> DIRECTIONS FOR THIS TASK
Transcribe every line from the one containing "Green Orange - PET - 1.5ml Bottle" to the end of the listing, exactly as written, and leave out the pictures.

(DATA BELOW Opens)

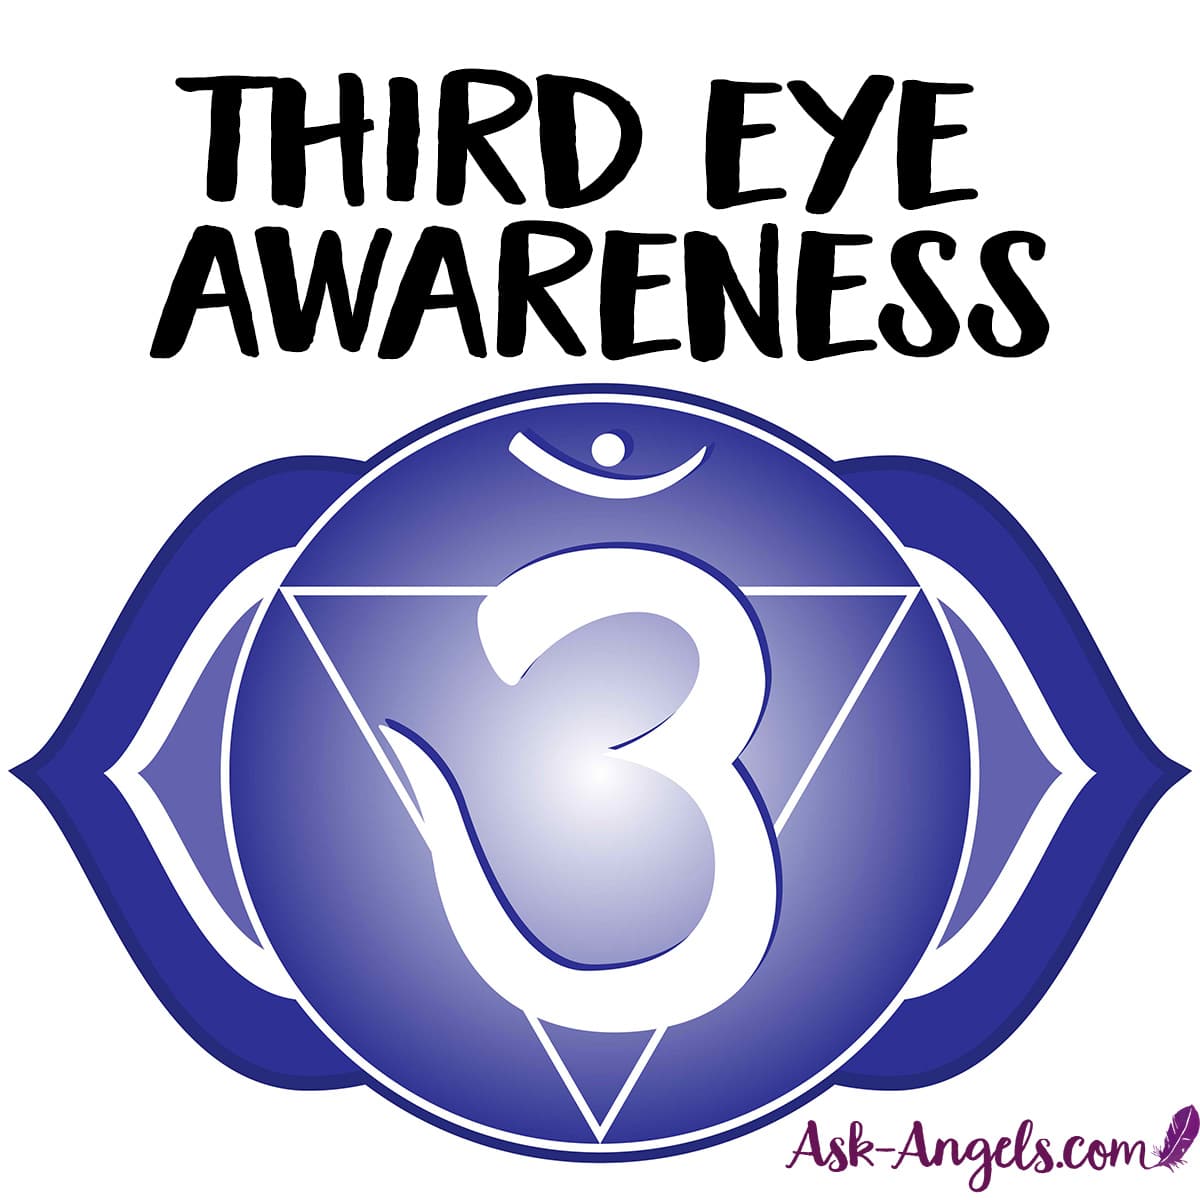 Third Eye Awareness
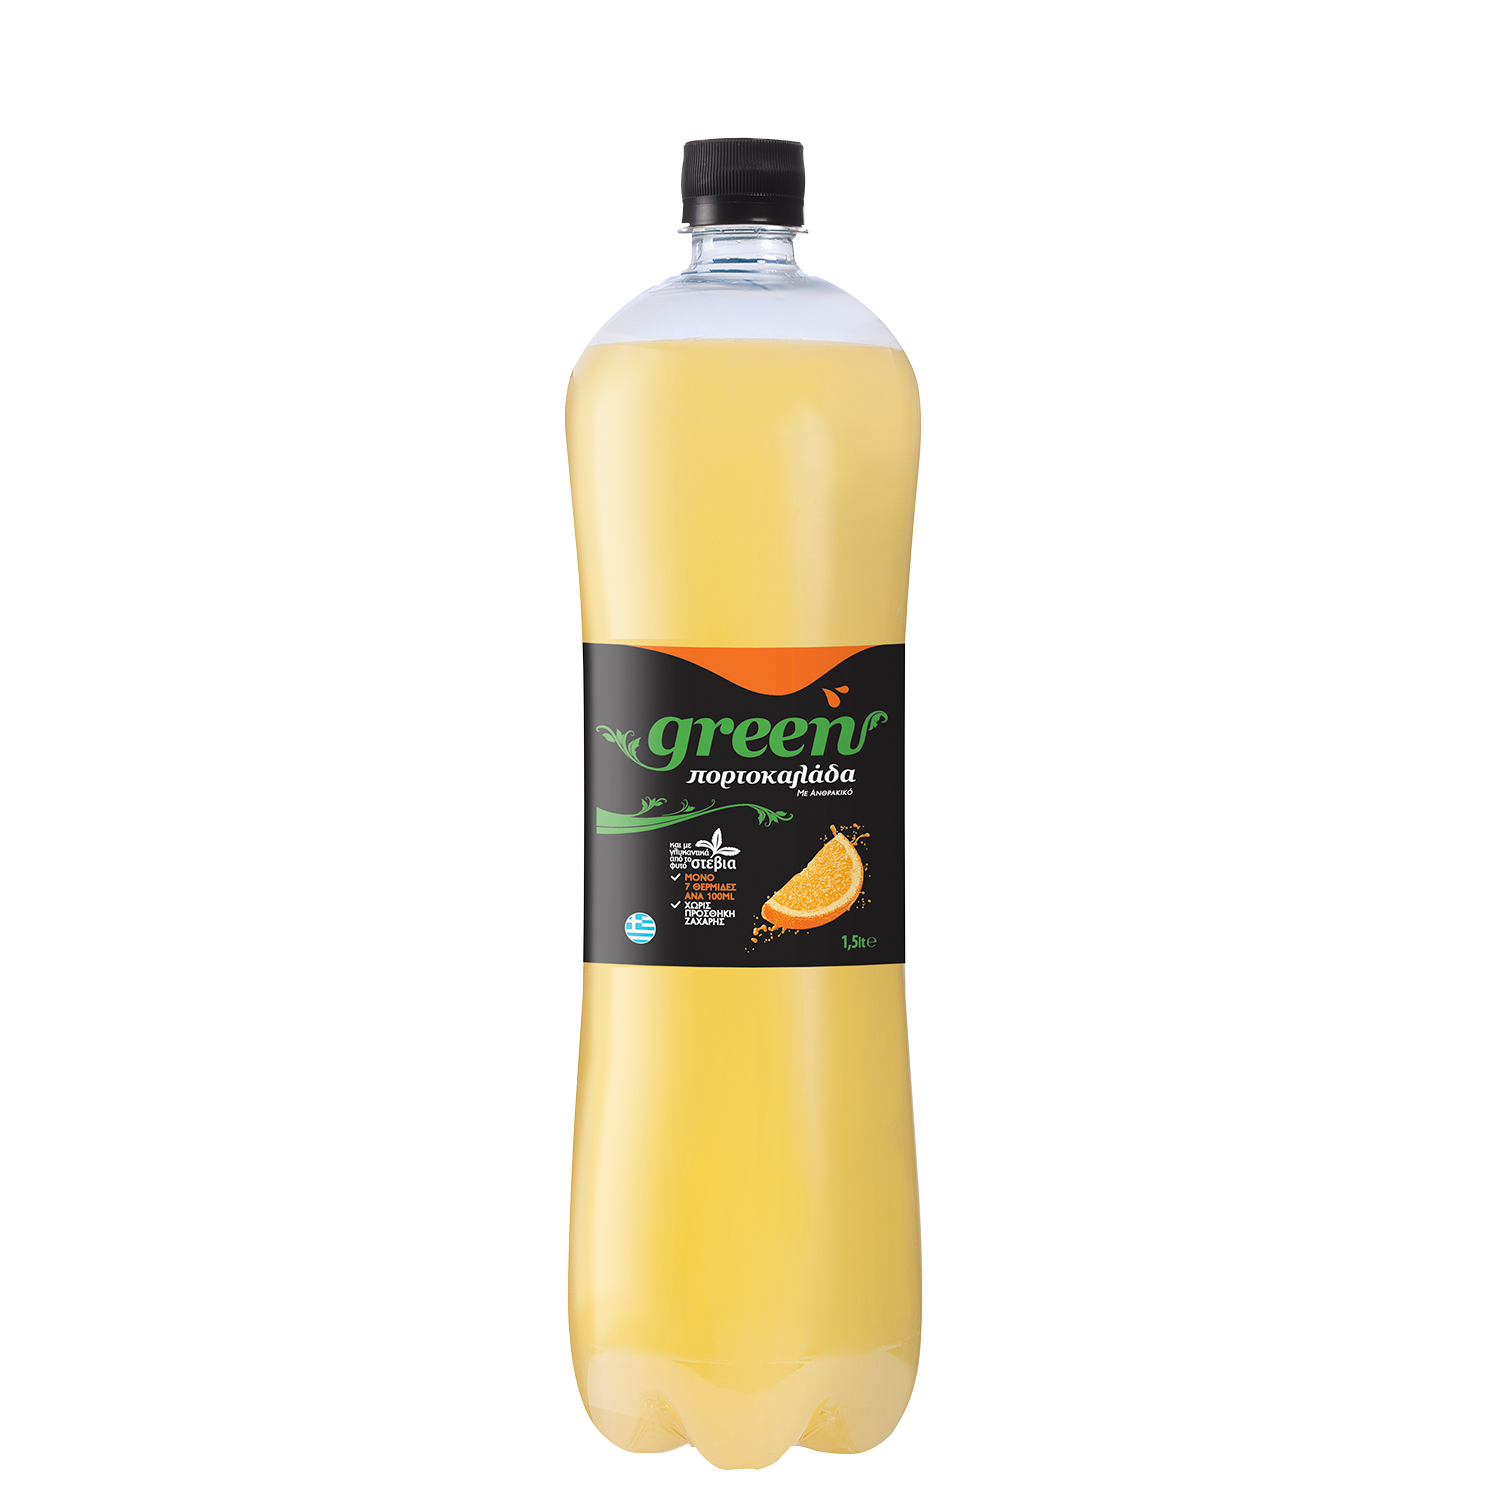 Green Orange - PET - 1.5ml Bottle
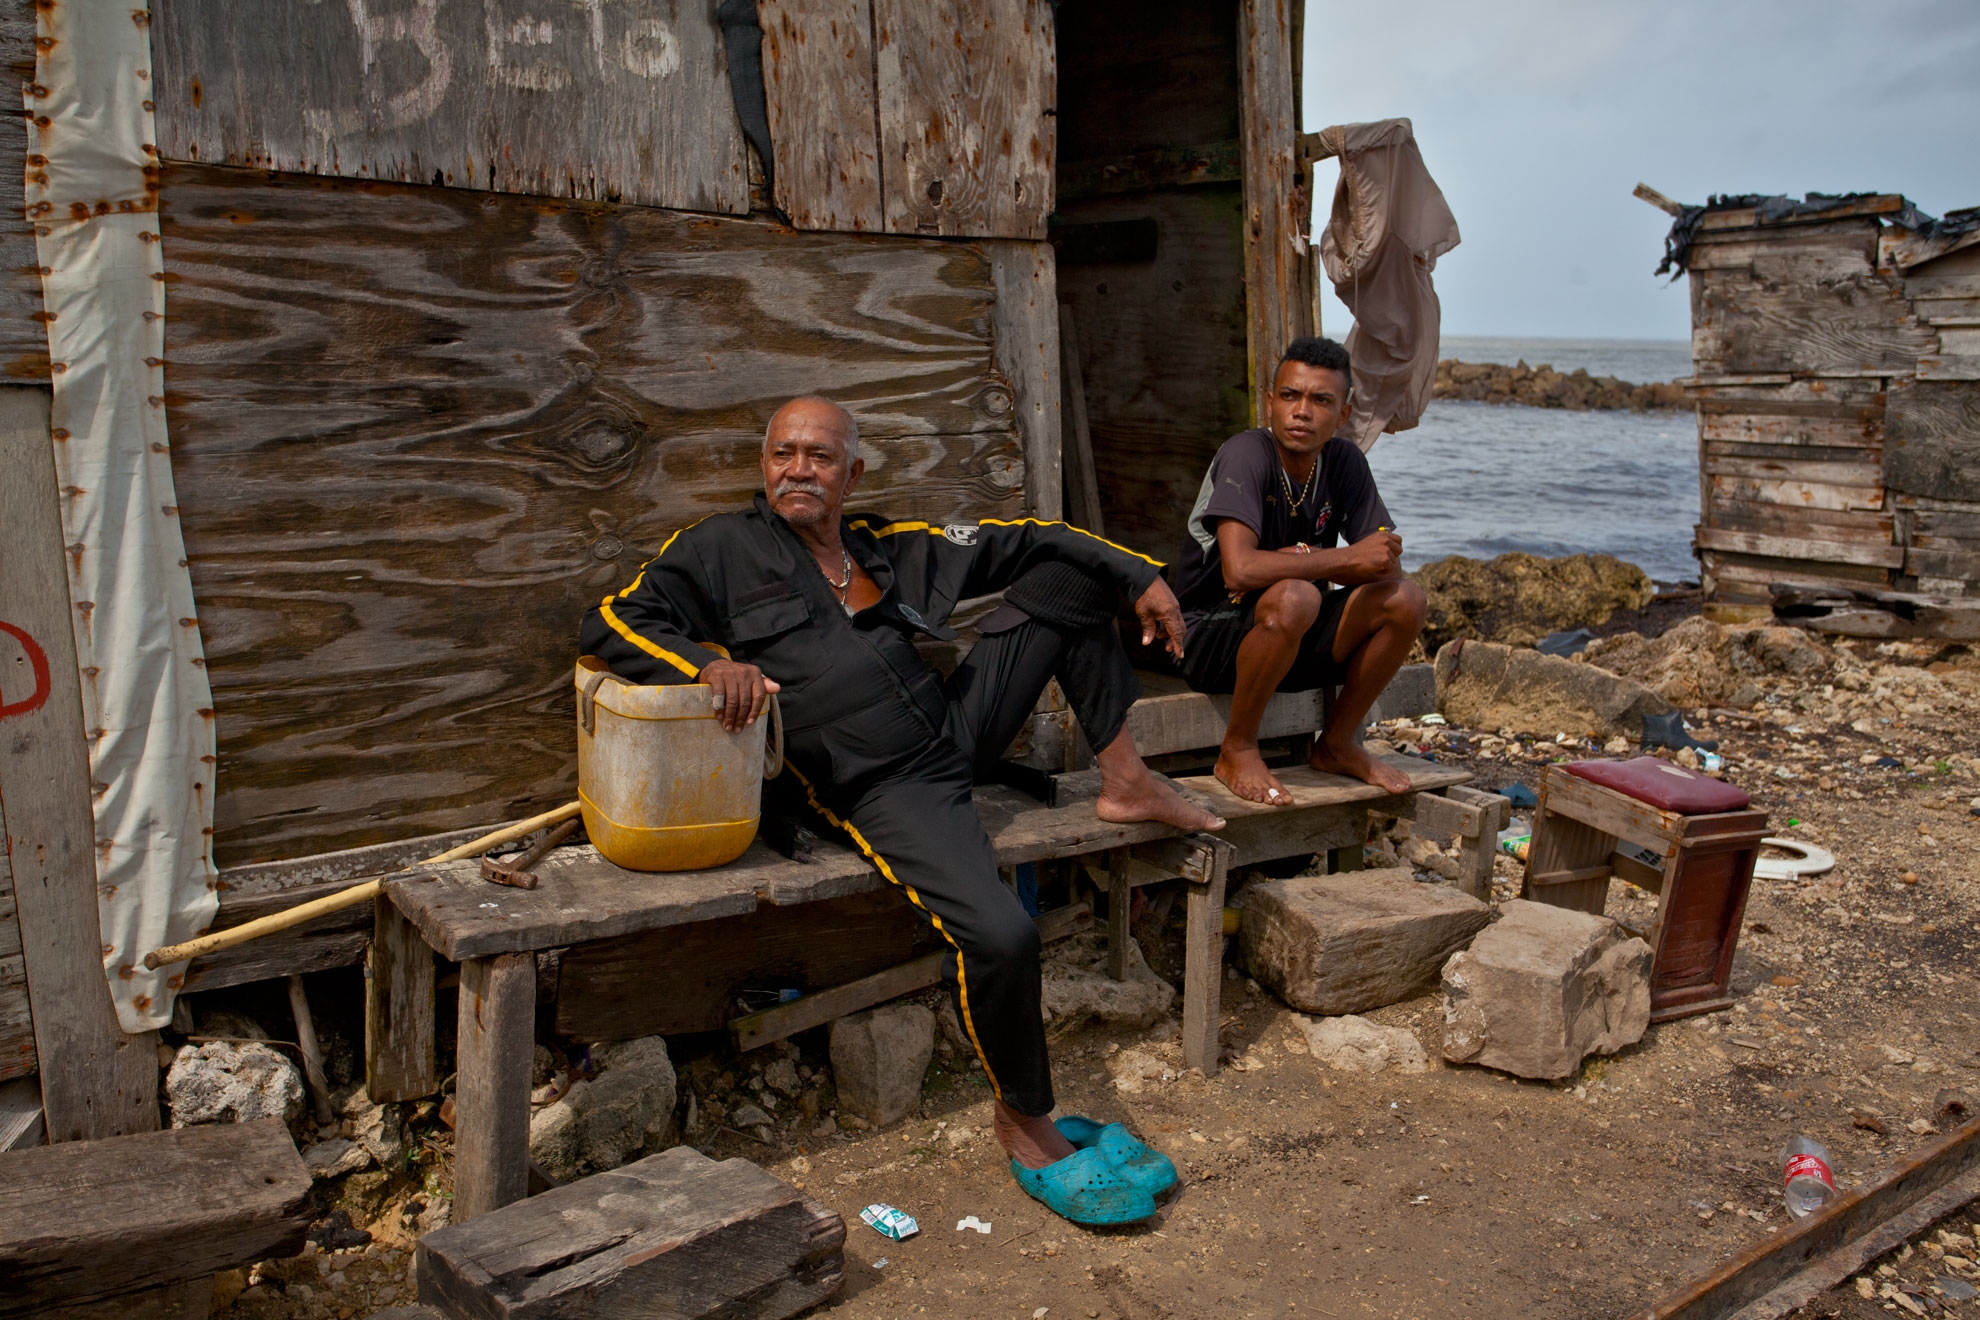 The forgotten fishermen -

(DATA BELOW Closes)

> OUTPUT OF THE EXERCISE
 Green Orange - PET - 1.5ml Bottle
 The forgotten fishermen -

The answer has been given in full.